La noche del 16 de diciembre se convirtió en un cierre amargo para la lucha ambiental en Torreón. Los dos últimos ejemplares ubicados en la Calzada Abastos, un Mezquite y un Pingüico, fueron removidos de forma violenta para darle paso al Sistema Vial Abastos-Independencia.
Además, esta mañana del 17 de diciembre se ha confirmado, vía solicitud de transparencia al municipio, lo que el activismo temía: 18 árboles del proyecto ya han sido reducidos a astillas en el centro de trituración.
Esta doble noticia llega tras casi dos meses de silencio institucional, evidenciando un proceso que, en sus horas finales, careció de voluntad política y rigor técnico.
La remoción nocturna en la Calzada Abastos fue documentada paso a paso por la activista Aracely Capetillo, quien registró una muestra de negligencia absoluta. Los videos muestran que los árboles fueron retirados sin realizarles el procedimiento de “cepellón”, una técnica esencial que consiste en extraer el árbol con una masa de tierra húmeda protegida para garantizar que las raíces no mueran por exposición al aire. Por el contrario, las imágenes muestran raíces totalmente desnudas y secas sobre las camionetas de Parques y Jardines.
La activista Izchel Caballero denunció como testigo que se utilizaron motosierras para cortar las raíces principales y facilitar una extracción acelerada, comprometiendo de muerte a los ejemplares.
Esta ejecución negligente resalta la contradicción operativa de la Dirección General de Medio Ambiente. Mientras que en sus publicaciones recientes de redes sociales la dependencia reconoce que actualmente es la época adecuada para la poda de árboles, estos ejemplares del Bulevar Independencia fueron “desmochados” meses atrás, en plena época de calor, para su retiro.
El hecho de que, teniendo ahora el clima a su favor y meses de preparación, se haya realizado una remoción tan deficiente de los últimos ejemplares, expone una falta de cuidado deliberada por parte de la autoridad municipal.
El golpe final a la lucha ambiental llegó con el informe detallado de transparencia, donde se admite que 18 ejemplares fueron enviados directamente al centro de trituración. La lista de bajas incluye un Pingüico de 8 metros de altura y ocho Fresnos de entre 4 y 6 metros de alto.

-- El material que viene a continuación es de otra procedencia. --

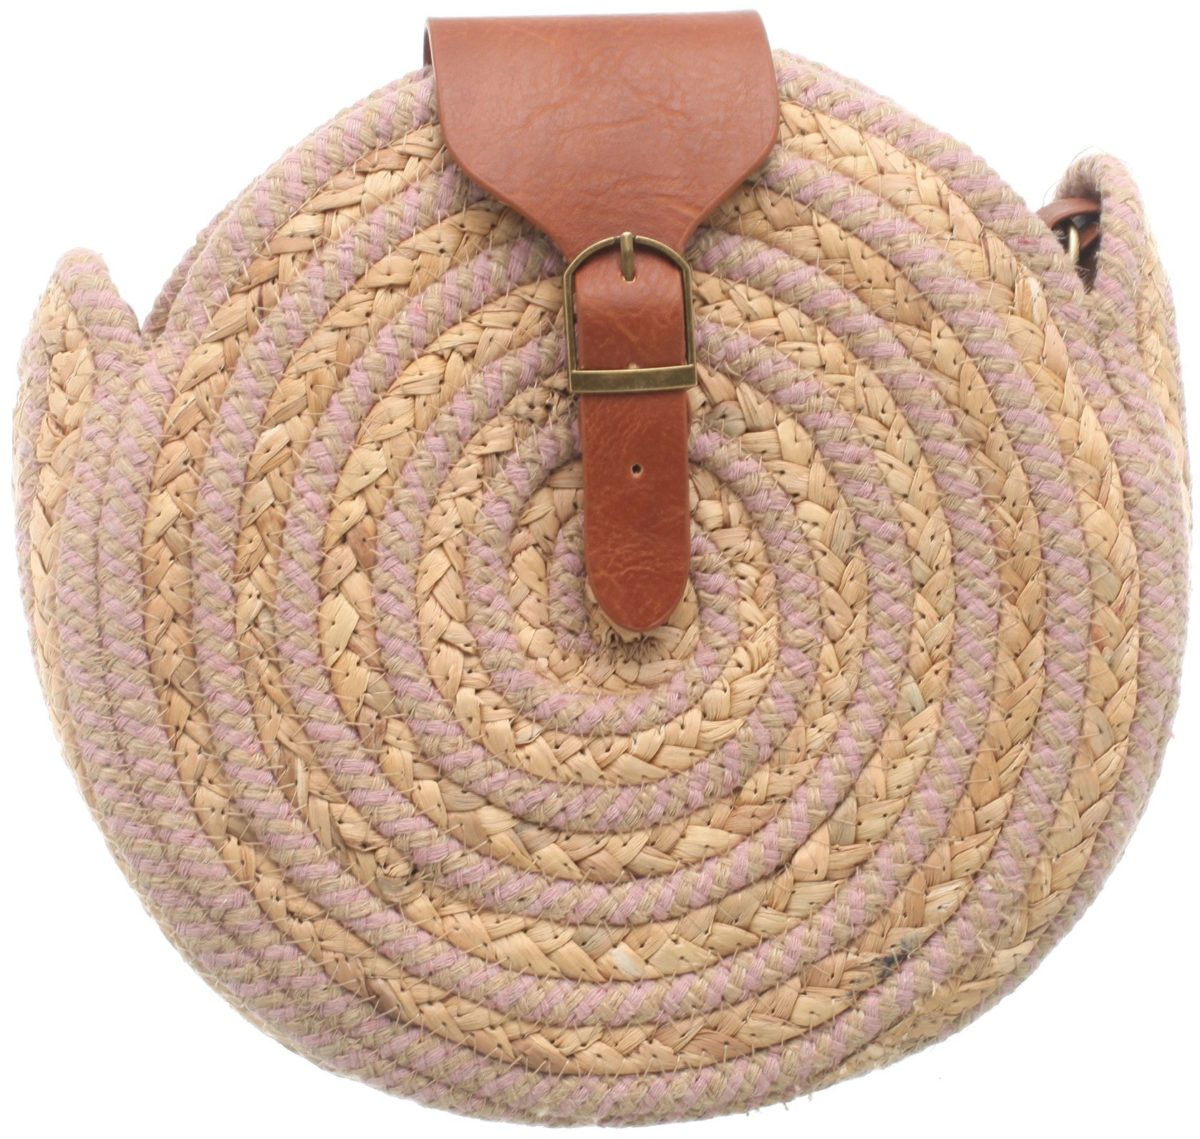 pink and beige round ratan bag, brown handel and long brown leather strap

Para dimensionar esta pérdida, fichas técnicas de biodiversidad indican que un Fresno en condiciones semiáridas tarda entre 15 y 20 años en alcanzar una altura de 6 metros, mientras que un Pingüico de 8 metros representa un legado natural de al menos 40 a 50 años de crecimiento. Estas décadas de servicios ambientales fueron eliminadas en cuestión de minutos.
La frustración y tristeza de los colectivos presentes en la remoción nocturna se intensificó ante la ausencia de supervisión oficial. Aunque el director municipal de Medio Ambiente, Marcelo Sánchez, aseguró vía WhatsApp haber estado presente “fuera de la valla de donde se realizaban los trabajos”, los videos documentados por las activistas entre las 9:00 p.m y la 1:30 horas de la madrugada no muestran rastro de él ni de ningún supervisor de Medio Ambiente. En el sitio solo se encontraban trabajadores de la constructora Rotugra, cuadrillas de Parques y Jardines y personal de Telmex resguardando su fibra óptica.
Cabe señalar que, a pesar de la limpieza forestal en la Calzada Abastos, la incertidumbre persiste sobre el Bulevar Independencia. A la altura de la calle Río Florido, todavía permanecen en pie dos Fresnos. Aunque de acuerdo con la activista Aracely Capetillo existe la posibilidad de que ya no sean tocados, ambos ejemplares continúan marcados con la “X” roja, el mismo distintivo que sentenció a los otros 127 árboles ya removidos.
Este desenlace ocurre a pesar de una resistencia ciudadana histórica que incluyó manifestaciones frente a la presidencia municipal, al menos 4 picnics de concientización, bloqueos informativos y la participación en 2 ocasiones en el Consejo Ciudadano Ambiental.
Al final, el colectivo Laguneras Eco Punk insiste en que todo este sacrificio ambiental se impuso para priorizar la movilidad en automóvil sobre el peatón. Con una inversión de más de 360 millones de pesos, la ciudad ha cambiado sombra e identidad por un ahorro que estadísticamente es insignificante: apenas nueve segundos en el tránsito vehicular.